While some types of retailers — such as grocery stores or building material suppliers — saw virtually no change in quarterly sales volume between Q1, Q2 and Q3 2020, some categories of in-store retailers contributed more to the uptick in sales in Q3. For example, sales in car dealerships dipped from $266 billion in Q1 to $257 billion in Q2, only to jump 21% in Q3 to $310 billion. This means that sales volume for car dealerships represented more than 21% of total retail sales in Q3.
Furniture and electronics stores saw a similarily strong rebound — after falling by 29% in Q2, sales rebounded by 50% in Q3. Clothing and accessory retailers saw 95% more sales in Q3 than in the previous quarter, reaching $55 billion — just shy of Q1’s $56 billion in sales.
This rebound of brick-and-mortar retail makes the online retail’s solid Q3 even more remarkable. With surging in-store shopping numbers and solid online sales, overall retail sales volume reached $1.47 trillion, beating the previous record of $1.38 trillion from Q4 last year.
With the exception of 2015, total retail sales were stronger in Q4 than in Q3 in every year since 2010. However, with rapidly changing conditions, retail — both in-store and online — may be tested further during the 2020 holiday season.
The increasing importance of e-commerce is also evident in the number of couriers and messengers recorded throughout 2020. Unemployment has been one of the major talking points since the beginning of the pandemic as work-from-home orders and economic challenges brought along a considerable number of unemployment claims. However, the number of couriers in the U.S. has been growing month-over-month since March, reaching almost 947,000 in October. Moreover, with the increased demand for online sales logistics, the number of employees in this field was growing even when unemployment was above the 10% mark between April and July.

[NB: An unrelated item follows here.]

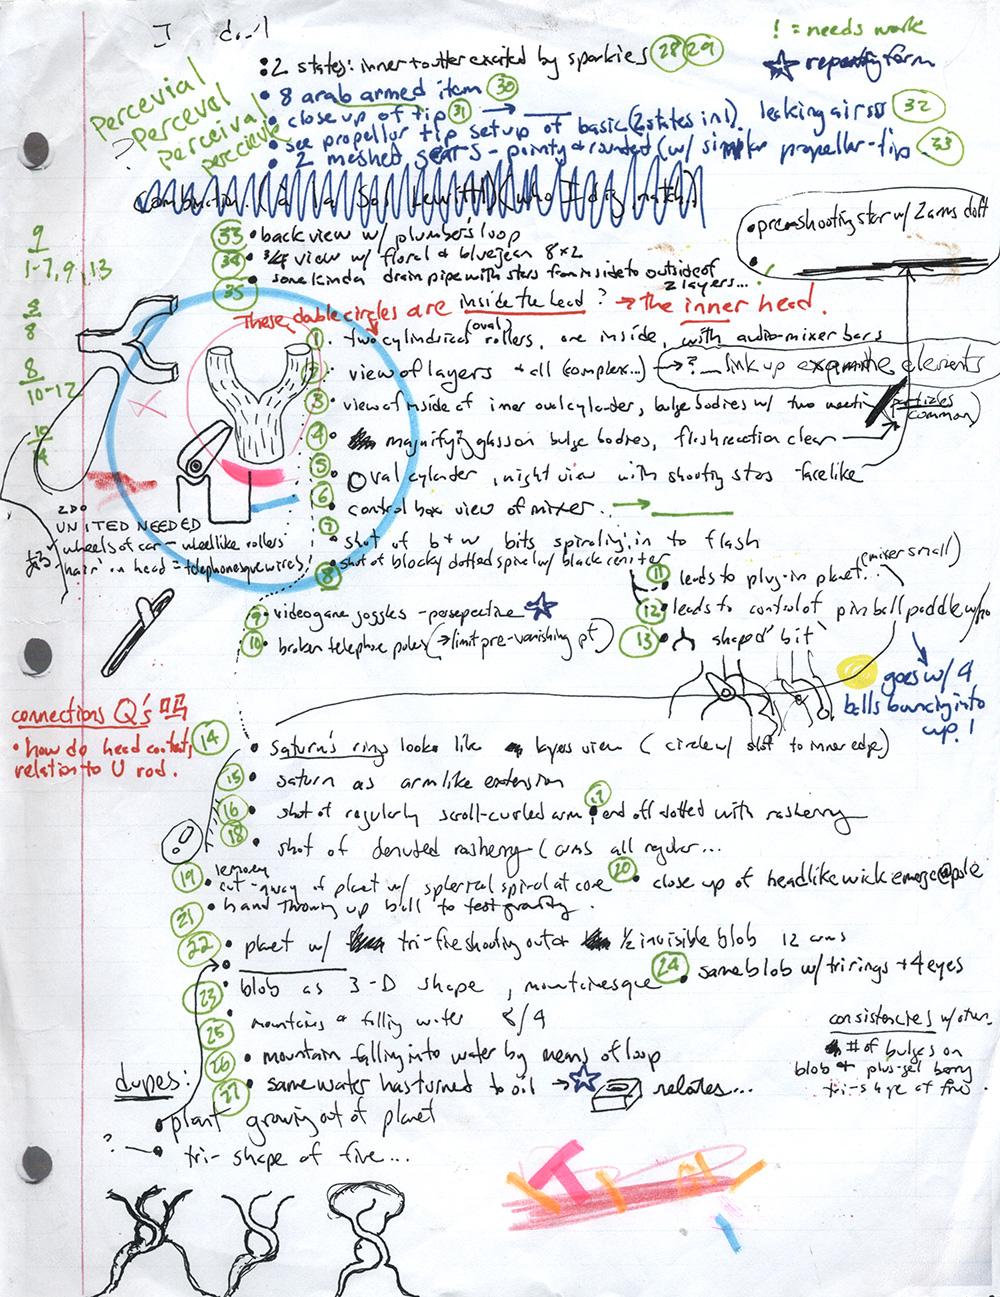 perceival notes.jpg

This uptick is also part of a larger trend: Retailers rushed to provide curbside pick-up or home delivery during the lockdown and are now continuing to develop e-commerce infrastructure to account for new shopping habits. For example, Amazon recently broke ground on two fulfillment centers in Kansas totaling 2 million square feet, in addition to increasing its footprint in New York City. The company also hired 175,000 new employees during the pandemic, of which it expected to retain 125,000 as long-term employees to help address the growth in online sales.
The upcoming holiday shopping season will likely test the lessons imparted on retailers during the lockdown. However, a strong third quarter for retail — both online and in-store — points toward a Q4 that could allow room for growth for both types of retailers.
Estimates on total retail sales volume and e-commerce sales volume were provided by the U.S. Census Bureau. Sales volume for non e-commerce (brick-and-mortar/in-store retail) sales volume was obtained by subtracting e-commerce sales volume from total retail sales. All quarterly sale estimates are seasonally adjusted.
Monthly employment for couriers and messengers was provided by the U.S. Bureau of Labor Statistics.